Professor of English Brock Clarke, Professor of Art History Pamela Fletcher, Professor of Anthropology and Arctic Museum Director Susan Kaplan, and Professor of Natural Sciences John Lichter were all recently promoted from associate professor to full professor.

According to the Bowdoin Faculty Handbook, the primary criterion for promotion is that the professor demonstrates “continuing excellence in teaching and in scholarly or artistic work” during the time since the professor received tenure.

In order to demonstrate "continuing excellence," each faculty member must submit their course materials, a personal statement, and the body of work that they have completed since becoming an associate professor. Recommendations are solicited from former students and external experts in the faculty member’s field.

All of those materials go before the department review committee, the Committee on Appointments, Promotion, and Tenure (CAPT), and Dean of Academic Affairs Cristle Collins Judd; each writes a recommendation, and then President Barry Mills ultimately makes the final decision.

Judd said that the four professors who were recently promoted are incredible educators and researchers.

“John Lichter is this fabulous continuum of someone whose research is respected, and that research comes to the classroom in a seamless way,” she said. “Pamela Fletcher is a highly respected art historian. She’s clearly someone who inspires students in her classes. Brock Clarke is the first tenured writer on the Bowdoin faculty. He arrived here, hit the ground running, and is someone about whom students are very excited. Susan Kaplan…has been a very important person in the field of arctic studies as well as museum studies, and is incredibly creative in the way she engages students both in class and in the museum."

Six years after receiving tenure and the title of associate professor, members of the faculty are eligible for promotion to a full professorship.
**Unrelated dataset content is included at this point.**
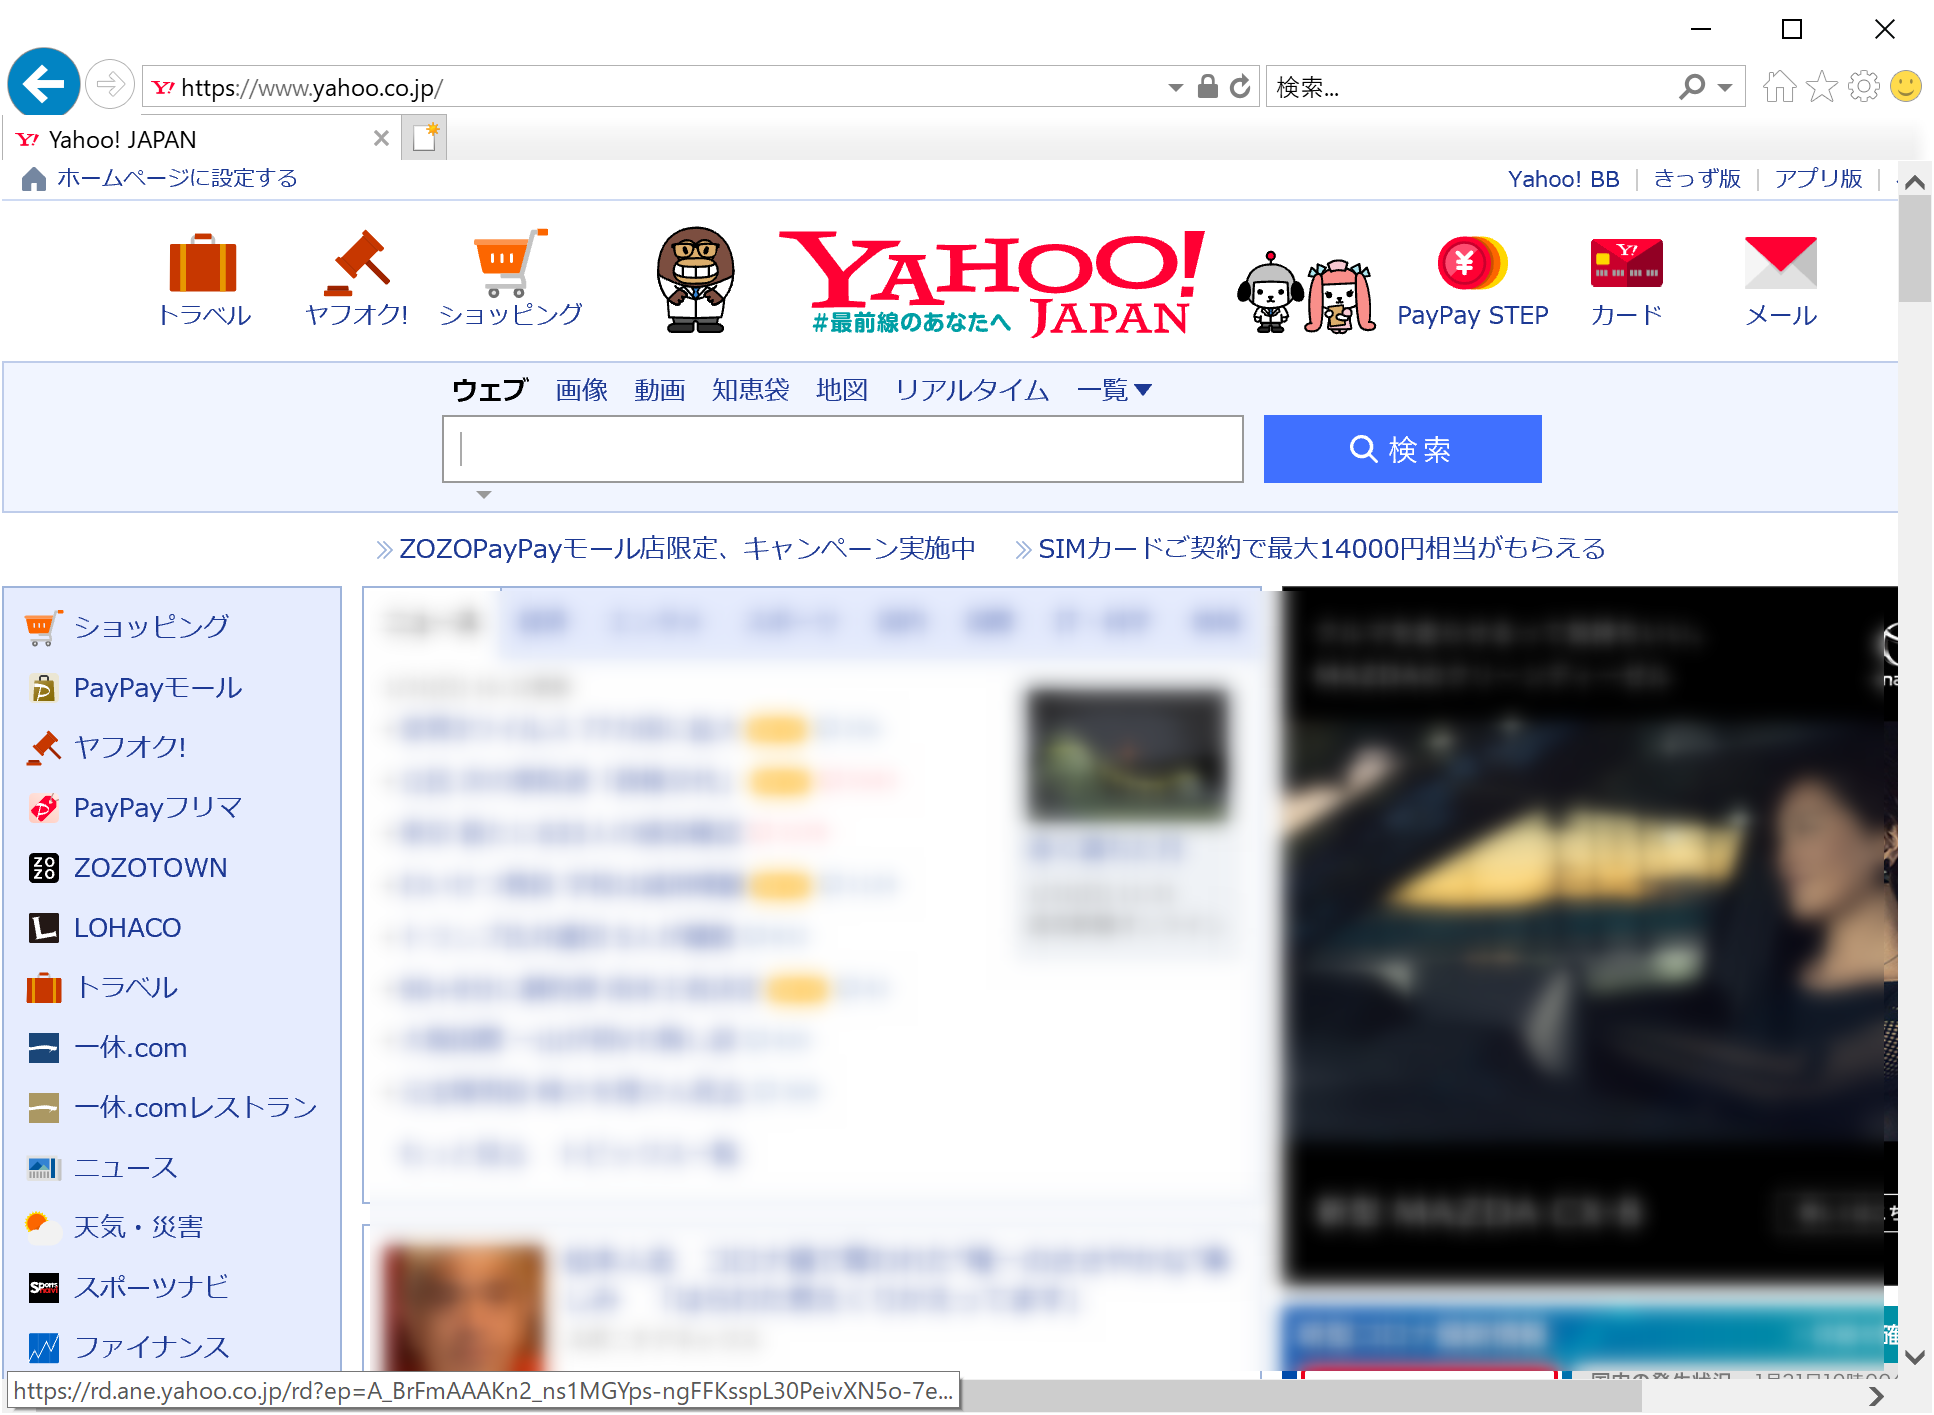 Yahoo.co.jp language settings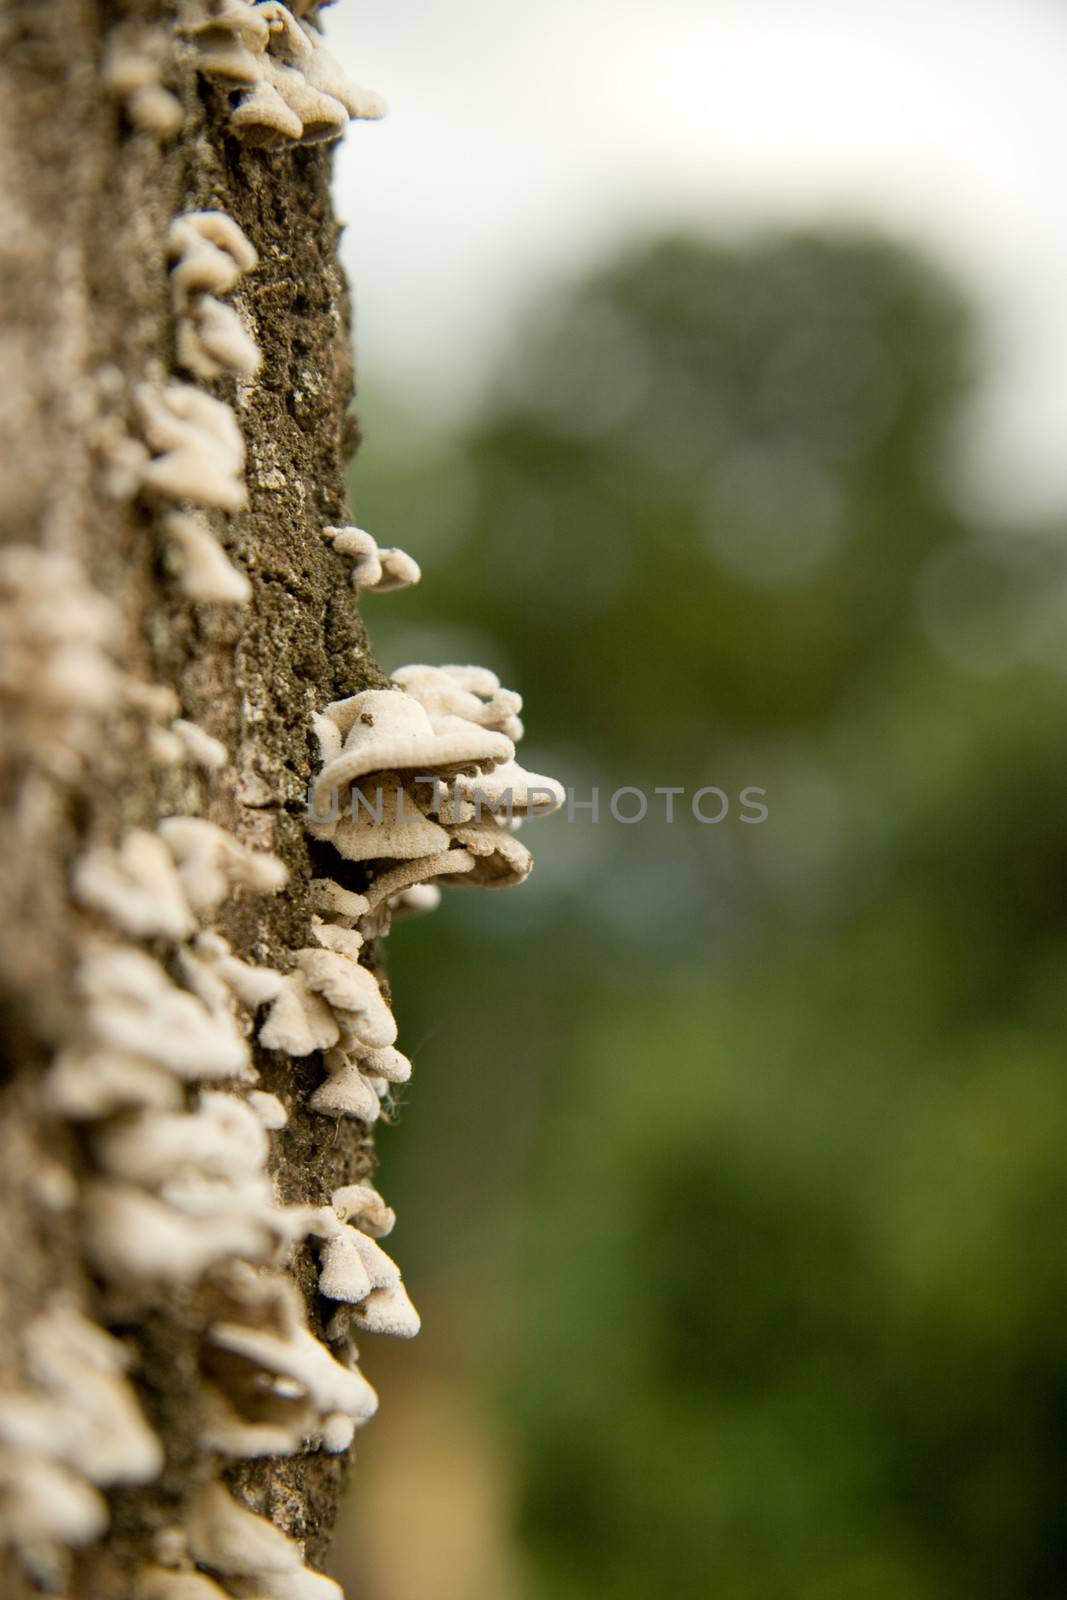 Wild mushrooms growing on the side of a mango tree, Sao Paulo, Brazil

However, unlike promotion to associate professor, the timing for the move is flexible; faculty members generally apply for the promotion anywhere from six to nine years after they are tenured. 

“People talk to mentors in fields outside of the College and within the College—particularly Dean Judd—to decide if it's time, or to decide that there was something you wanted to get accomplished first,” Fletcher said.

The promotion to full professor does not lead to any significant changes in a professor’s role in the college; however, it is accompanied by a significant salary increase.

“It’s more of a recognition of where a career is and where it’s going,” said Judd, “And recognition of their continued development as a scholar-teacher.

“It’s nice to know that the College and my students and former students feel good about me being here,” Clarke said. “I feel like I’m in the right place, and it’s great that other people in the College feel the same thing.”

Fletcher said that she thinks Bowdoin’s process for promotion is fair and transparent.

“I think Bowdoin has a really admirable process,” Fletcher said. “It makes it the least amount of stress that it could be. I commend Bowdoin for the way in which that process is handled so ethically.”

Unlike Bowdoin, at some institutions, promotion to full professor is automatic after a faculty member has been at that college for a certain period of time.

“The great thing for me, is it brings this moment where we get to celebrate people, which is different from an automatic promotion,” said Judd. "The [use of] retrospective letters from students is something we do rather uniquely. It creates a real perspective on the impact faculty have on students. At the moments of tenure and promotion, you get a bird's eye view of the impact of faculty. ”

According to Judd, the Bowdoin faculty are an impressive group, and the recently promoted professors are people of whom the community can be proud.

“A lot of people are great researchers, and a lot of people are great in the classroom,” said Judd. “Very few are in the overlapping category impacting fields and impacting undergrads. Moving through not just tenure but full professors results in a small group of very special people.”